Between 2018 and 2023, 478 manufacturing companies have suffered a ransomware attack, leading to a loss of approximately $46.2 billion in downtime alone.
Serious cyber incidents affecting manufacturing companies can lead to significant disruptions to production lines. As a result, customer orders can be left unfulfilled and day-to-day operations come to a standstill.
Comparitech recently analysed how widespread these types of attacks on the manufacturing sector are to find out their true cost.

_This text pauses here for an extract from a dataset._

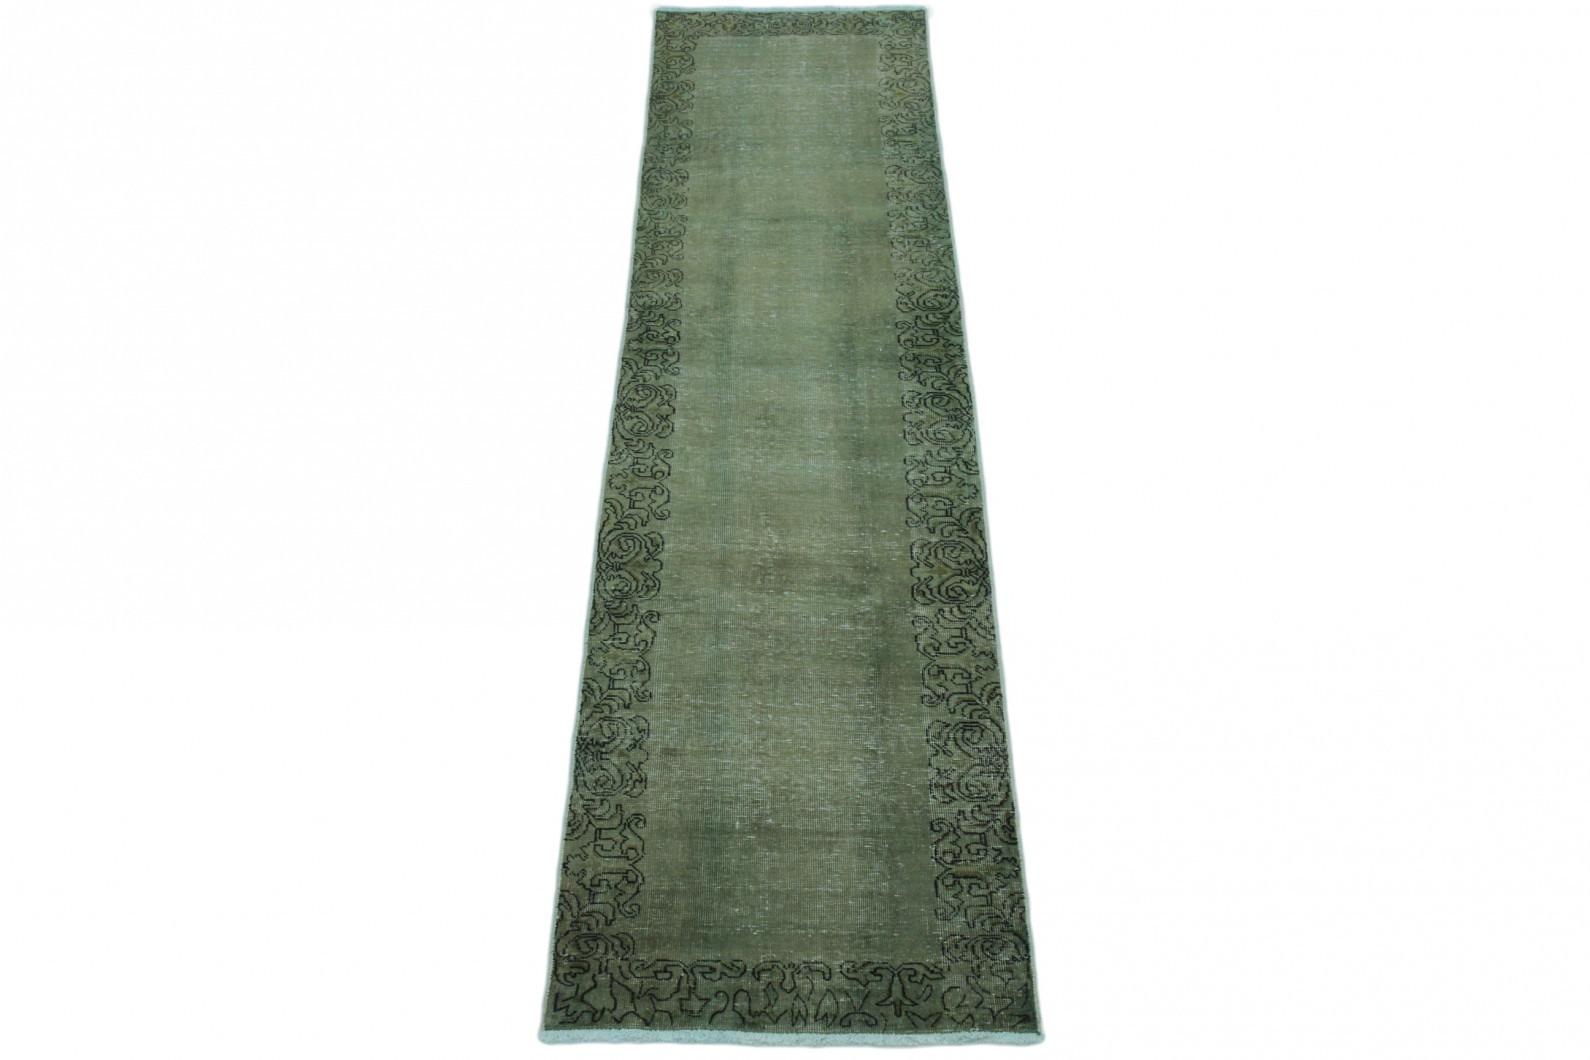 vintage teppich gr n in 340x80 1001 167025 bei carpetido. Black Bedroom Furniture Sets. Home Design Ideas

Using their worldwide ransomware tracker, the Comparitech team searched for reports on the amount of downtime caused, how much data was stolen, how much the ransom demands were, and whether or not these ransom demands were met.
Between 2018 to July 2023 there were:
- 478 confirmed ransomware attacks on manufacturing companies.
- More than 7.5 million individual records were breached as a result of these attacks–at least.
- Ransom demands were found to be between $5,000 and $50 million.
- Hackers demanded an average of $11.2 million. Approximately $5.5 billion in ransom has been demanded in total.
- Only four companies are known to have paid the ransom but many organisations will withhold this information in fear it makes them more vulnerable to these attacks. A confirmed $750,000 was paid across two of these attacks.
- Downtime varied from several hours to 76 days.
- Manufacturers within the transportation/automotive sector saw the highest number of attacks (92), closely followed by electronics/appliances manufacturers (80).
- Egregor and Conti were the most dominant strains of ransomware in 2020 and 2021 (respectively) with LockBit dominating in 2022 and 2023 (so far).
Ultimately, these numbers show yet another example as to why manufacturers are so susceptible to attacks and why they must better secure themselves.